Measuring serum ferritin under field conditions

Uppsala University Department of Women’s and Children’s Health International Maternal and Child Health SE-75 185 Uppsala Sweden E-mail: joel.monarrez{at}kbh.uu.se

Dear Sir:

We read with interest the validation study for ferritin in capillary blood by Ahluwalia et al (1). As pointed out by the authors, there is a need for "tools that are applicable for field use in remote areas." Subsequent to the publication of the spot ferritin assay for samples dried on filter paper (2), we used this method to measure serum ferritin in a survey conducted in a very isolated indigenous group in northern Mexico (3) after adapting the method for use under field conditions (4). We would like to share some of the difficulties encountered when using this technique and reflect on its potential for use in remote settings.

First, although the filter-paper method avoids the need to freeze samples, samples still need to be centrifuged. In our survey, we ran a microcentrifuge from a car battery with the use of a converter to transform 12-V direct current to 110-V alternating current. Transporting and using this equipment (weighing up to 25 kg) can be difficult in isolated locations. Second, breaking the microcapillary tube to extract the serum exactly between the serum and the white cell layer can cause spillage, especially if done by a nonexperienced person. Third, extracting 20 µL serum accurately can be done only with an expensive ($200) micropipette fitted with a precision micrometer-adjustment device; otherwise, some measurement error is expected. Fourth, because of the small diameter of microcapillary tubes, the samples must be centrifuged immediately because the blood clots within minutes, potentially obstructing the extraction of serum. Using tubes with anticoagulant solves this problem, but measuring ferritin in plasma rather than in serum will result in higher within- and between-sample variation (5).

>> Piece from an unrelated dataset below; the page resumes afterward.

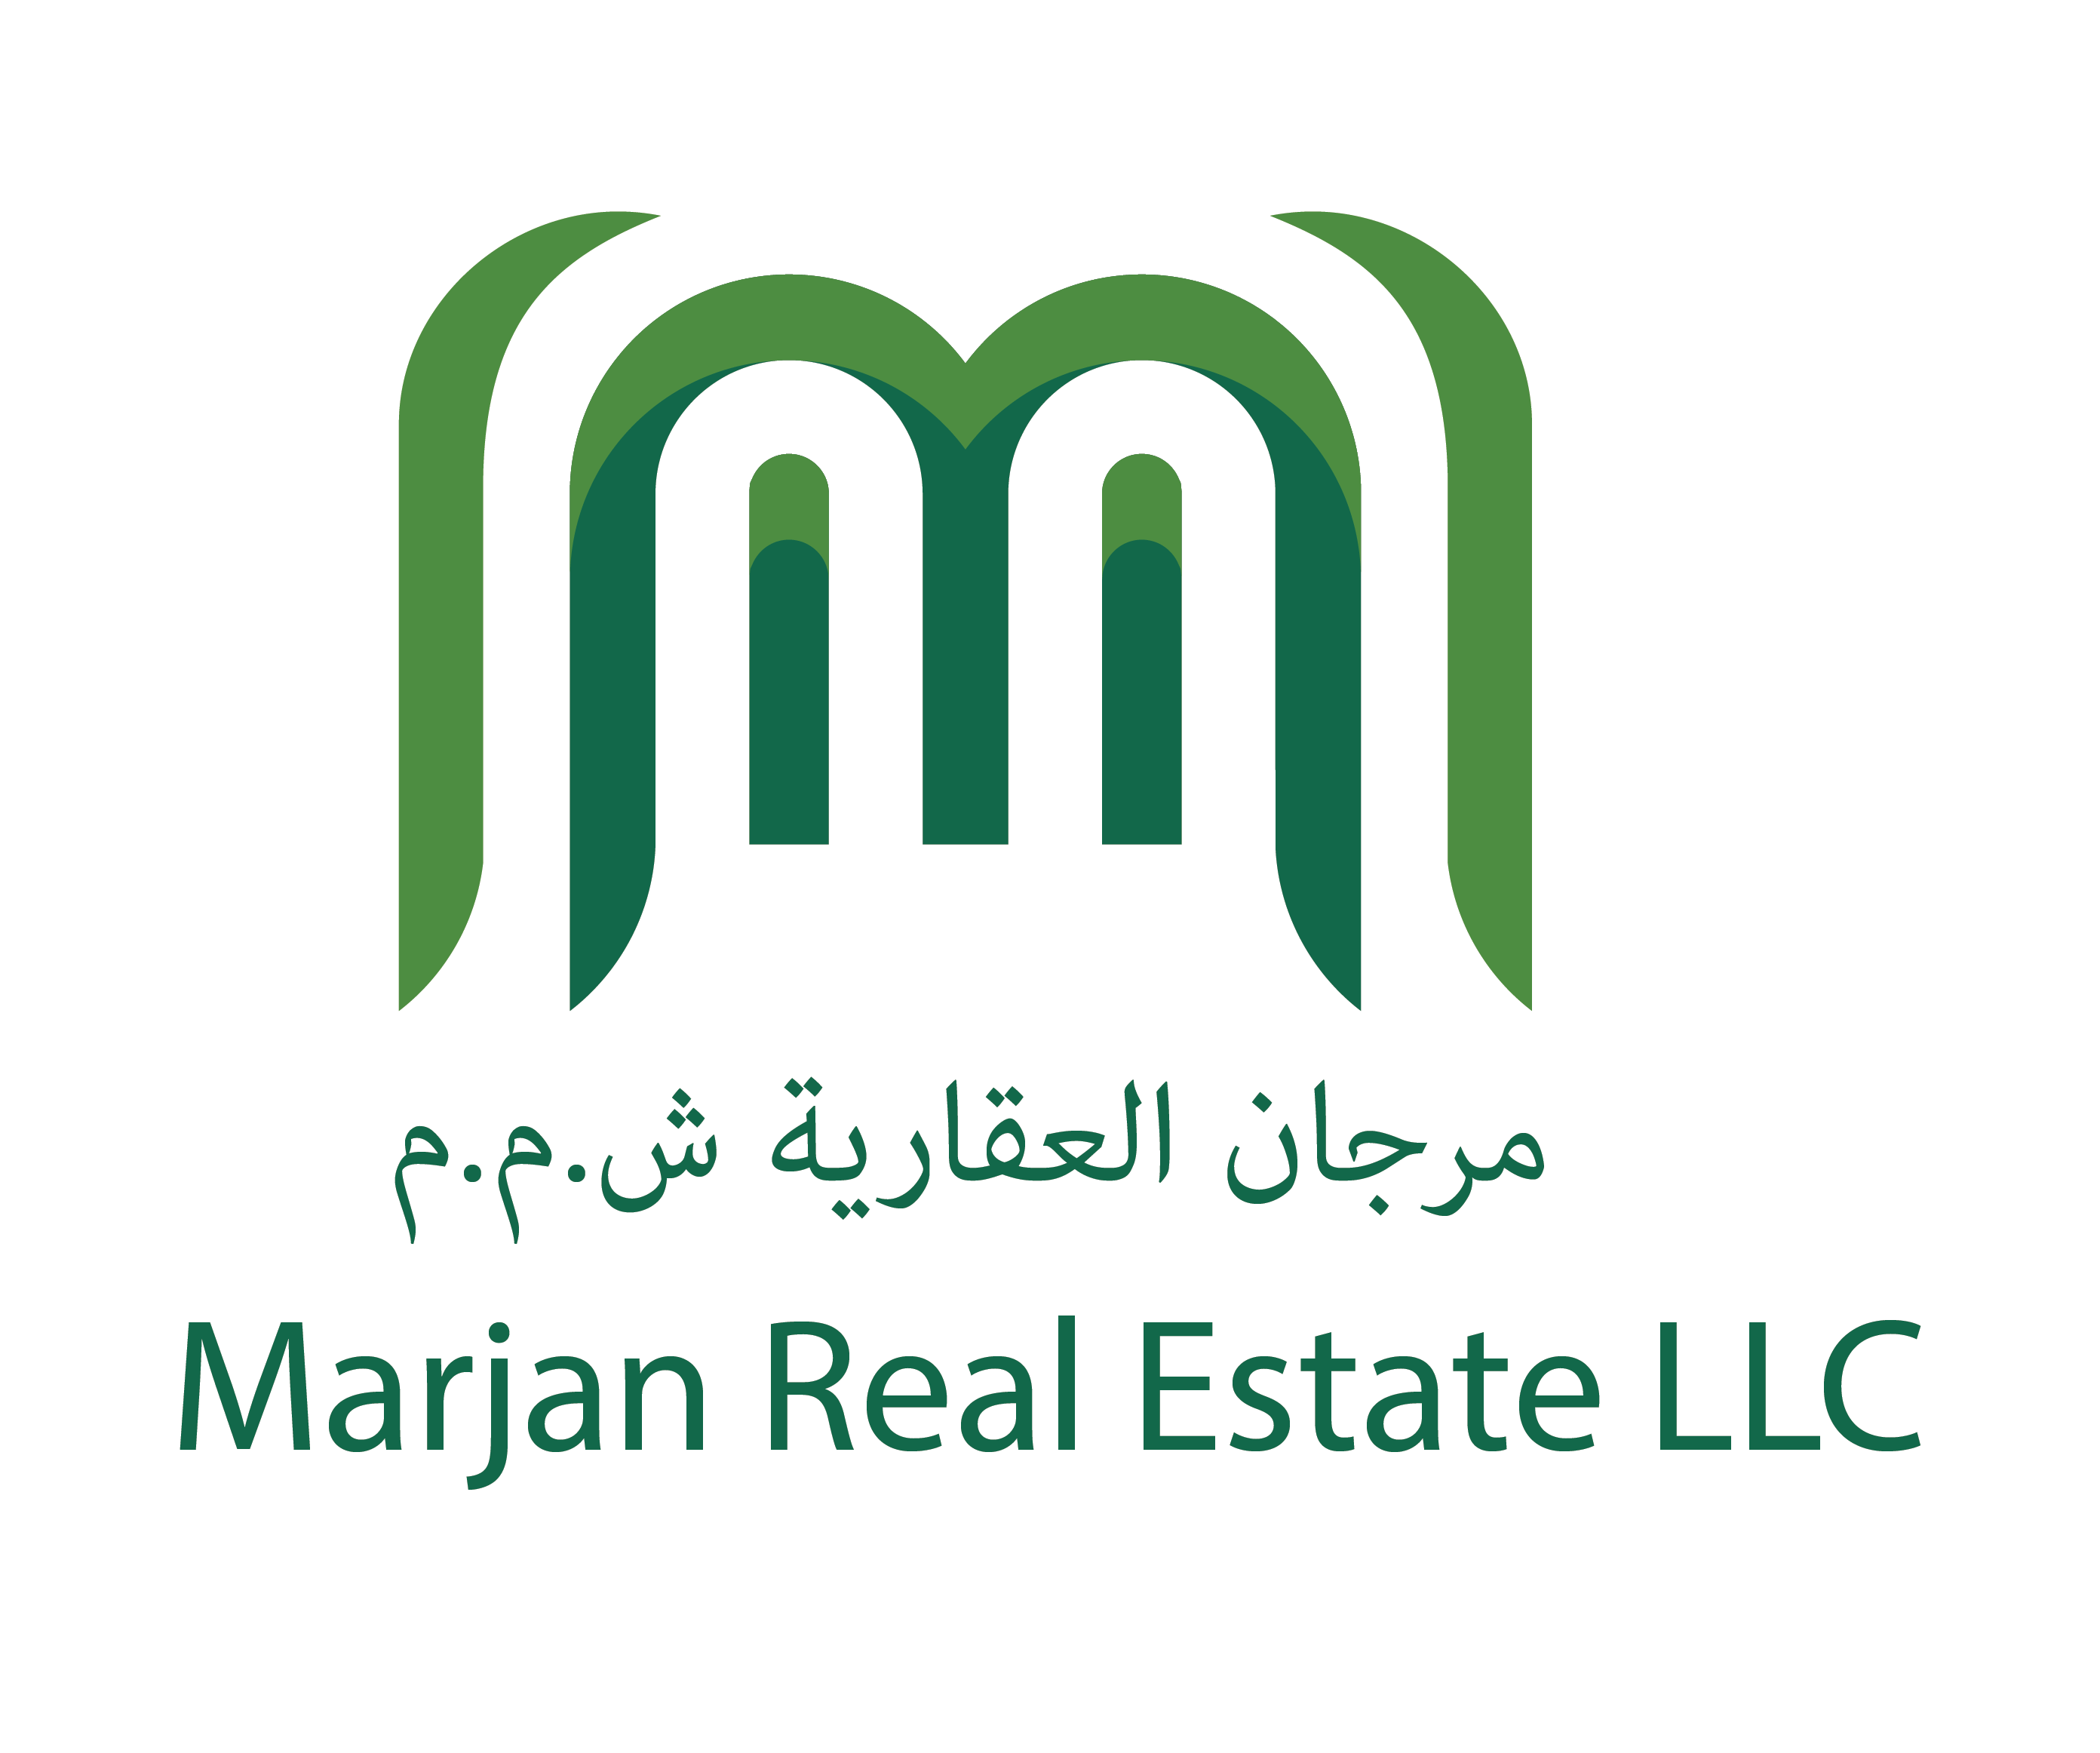 Marjan Real Estate LLC
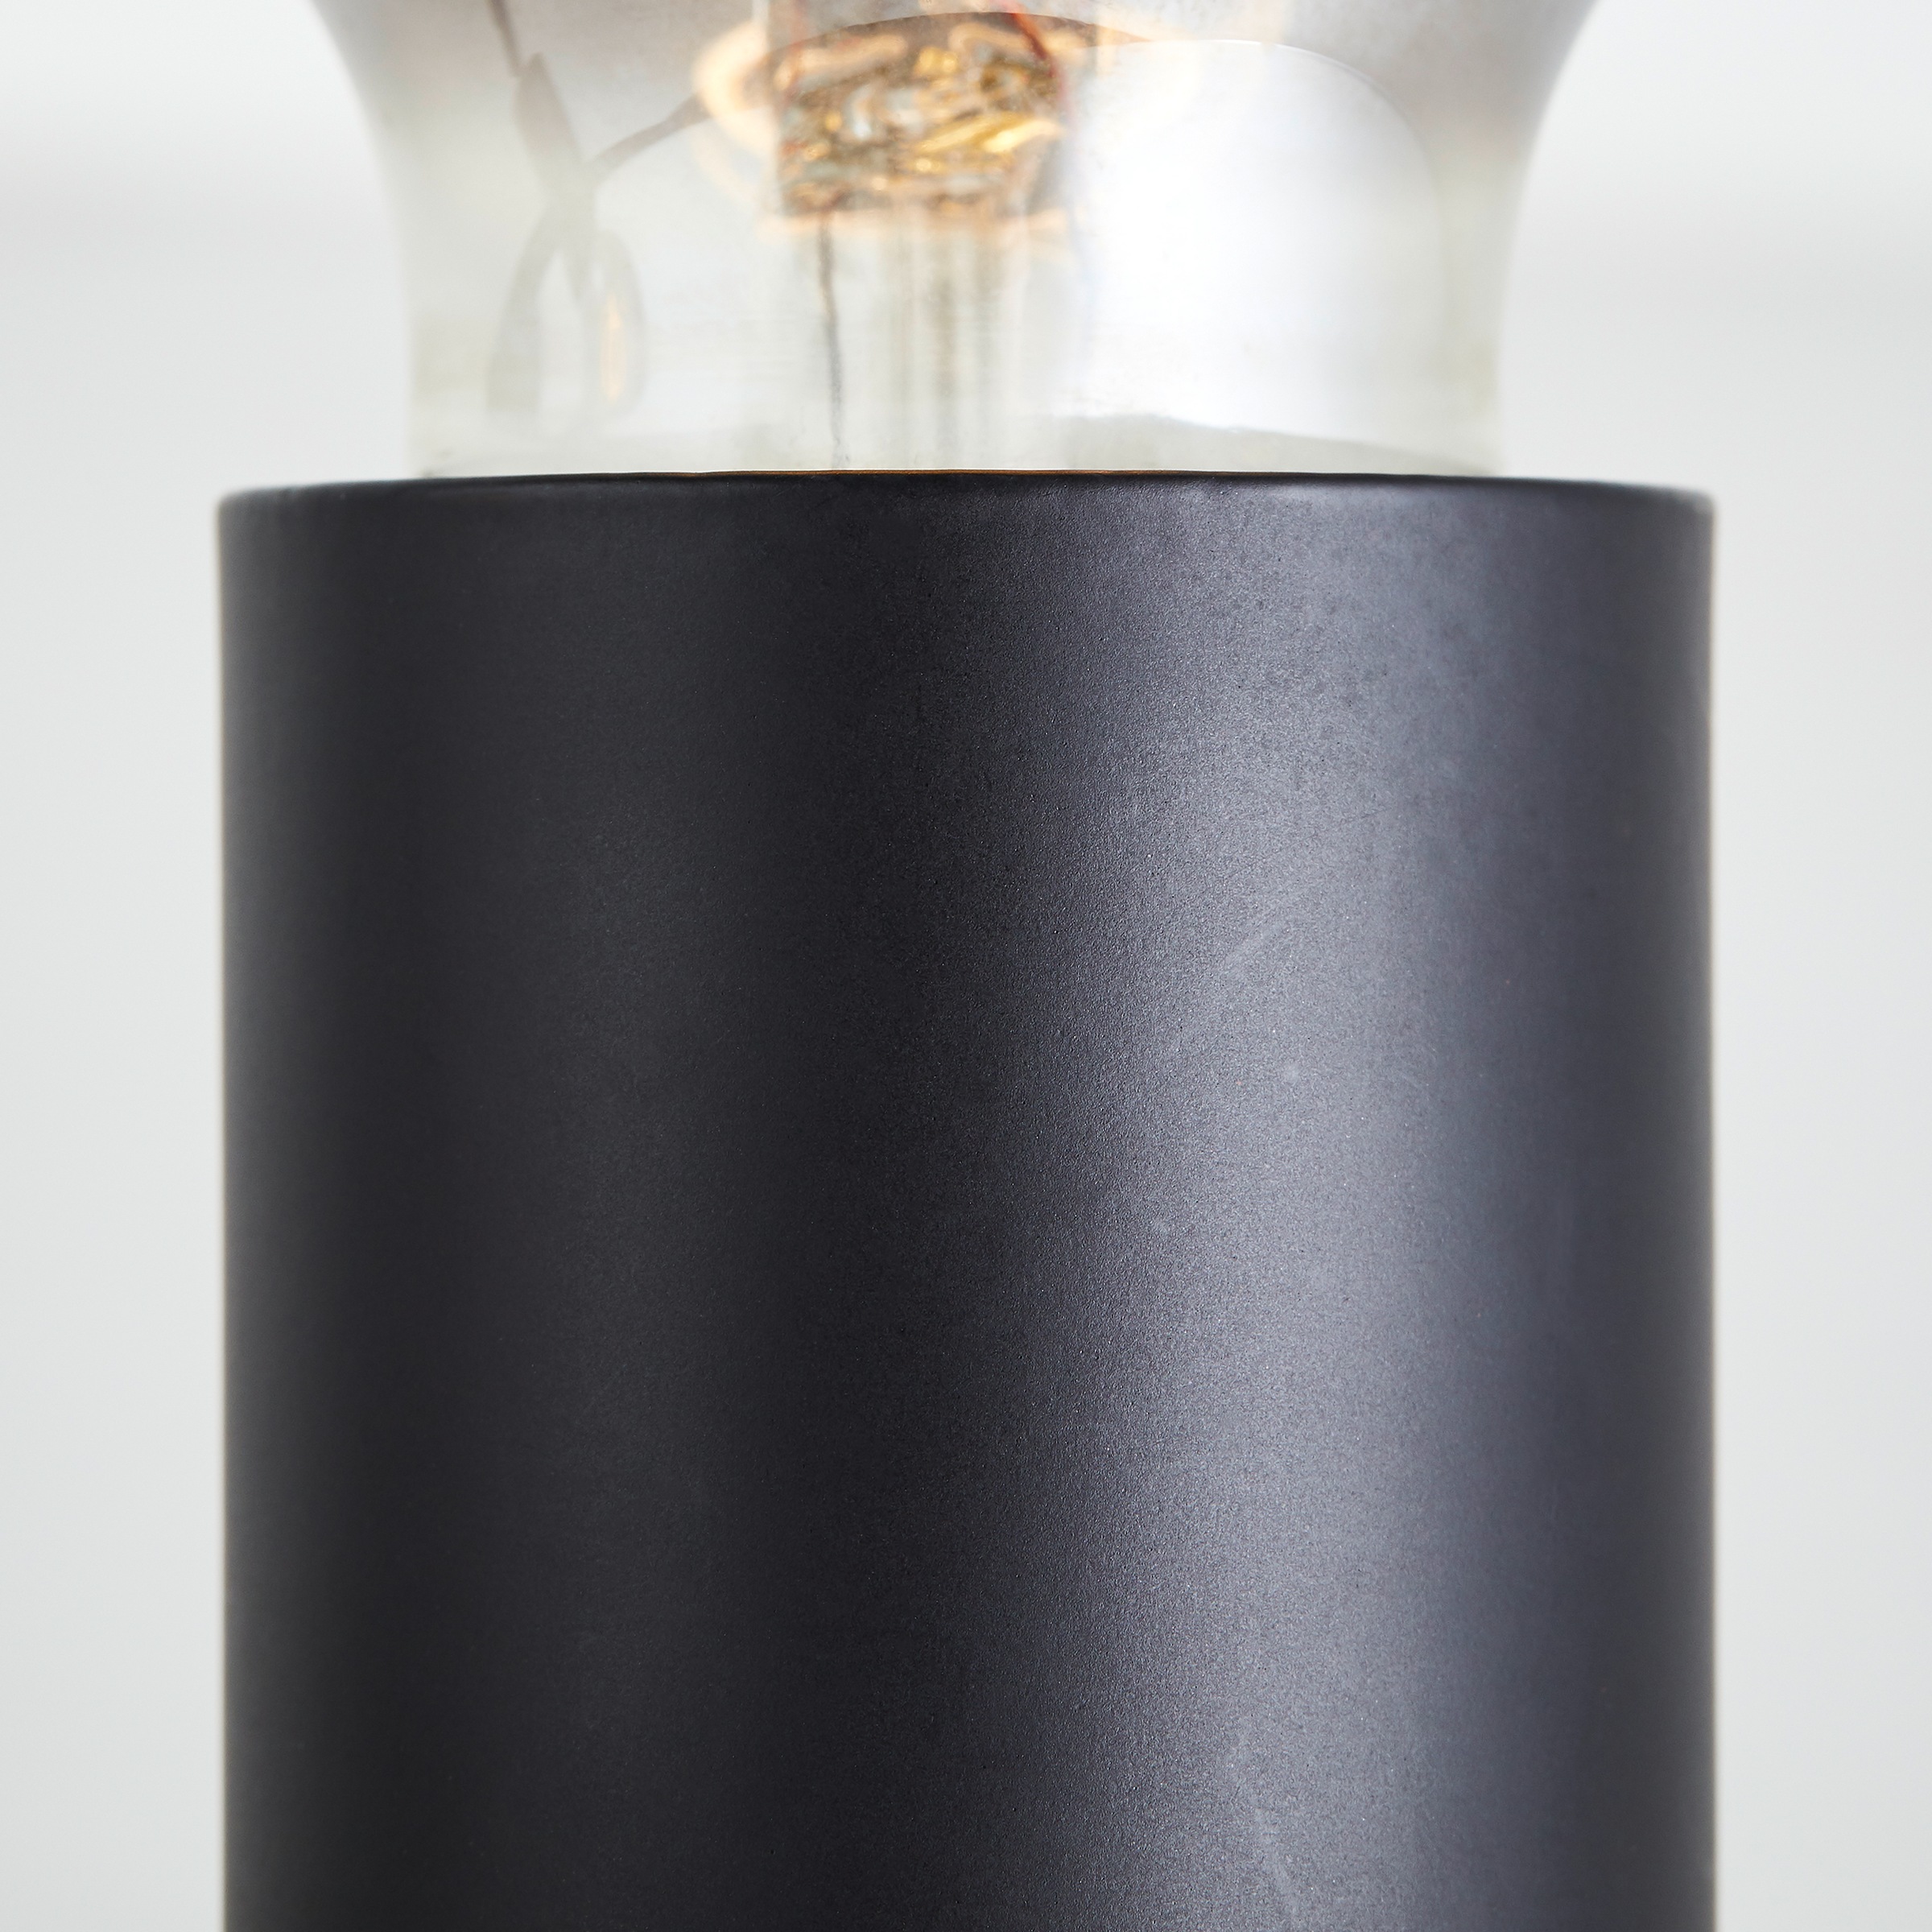 Brilliant Deckenstrahler »Tiffany«, 4 flammig, Leuchtmittel E27 | ohne Leuchtmittel, Deckenstrahler, 12 x 49 x 14 cm, E27, schwenkbar, Metall, matt schwarz

A deep prick with a long-tip lancet is needed to obtain an adequate amount of free-flowing capillary blood. After the prick, the first drop is wiped out, the second drop is used for measuring hemoglobin with a HemoCue (HemoCue, Inc, Mission Viejo, CA), and the last 3–4 drops are used to fill a 75-µL microcapillary tube. The amount of serum available diminishes as the hemoglobin concentration increases; thus, in persons with adequate iron status, a larger volume might be needed to provide the 20 µL serum required for the analysis. A finger prick is often considered less invasive and more acceptable than is venipuncture. Although this could be true when obtaining 2 drops of blood, it might not be so if 6 or more drops are taken. Many of the women we surveyed stated that finger-prick sampling was more painful than was having venous blood drawn.

In conclusion, specialized and relatively expensive equipment and well-trained personnel are needed to use the ferritin assay for capillary samples spotted on filter paper. These factors need to be taken into account when planning surveys in remote and isolated field settings.

REFERENCES

1. Ahluwalia N, de Silva A, Atukorala S, Weaver V, Molls R. Ferritin concentrations in dried serum spots from capillary and venous blood in children in Sri Lanka: a validation study. Am J Clin Nutr 2002;75:289–94.
2. Ahluwalia N, Lönnerdal B, Lorenz SG, Allen LH. Spot ferritin assay for serum samples dried on filter paper. Am J Clin Nutr 1998;67:88–92.
3. Monárrez-Espino J, Martínez H, Greiner T. Iron deficiency anemia in Tarahumara women of reproductive-age in northern Mexico. Salud Publica Mex 2001;43:392–401.
4. Monárrez J, Lönnerdal B, Greiner T. Assessment of iron deficiency anemia in Tarahumara women of Northern Mexico using filter paper to quantify serum ferritin. Washington, DC: INACG Secretariat, 1999:32 (abstr).
5. Pootrakul P, Skikne B, Cook J. The use of capillary blood for measurements of circulating ferritin. Am J Clin Nutr 1983;37:307–10.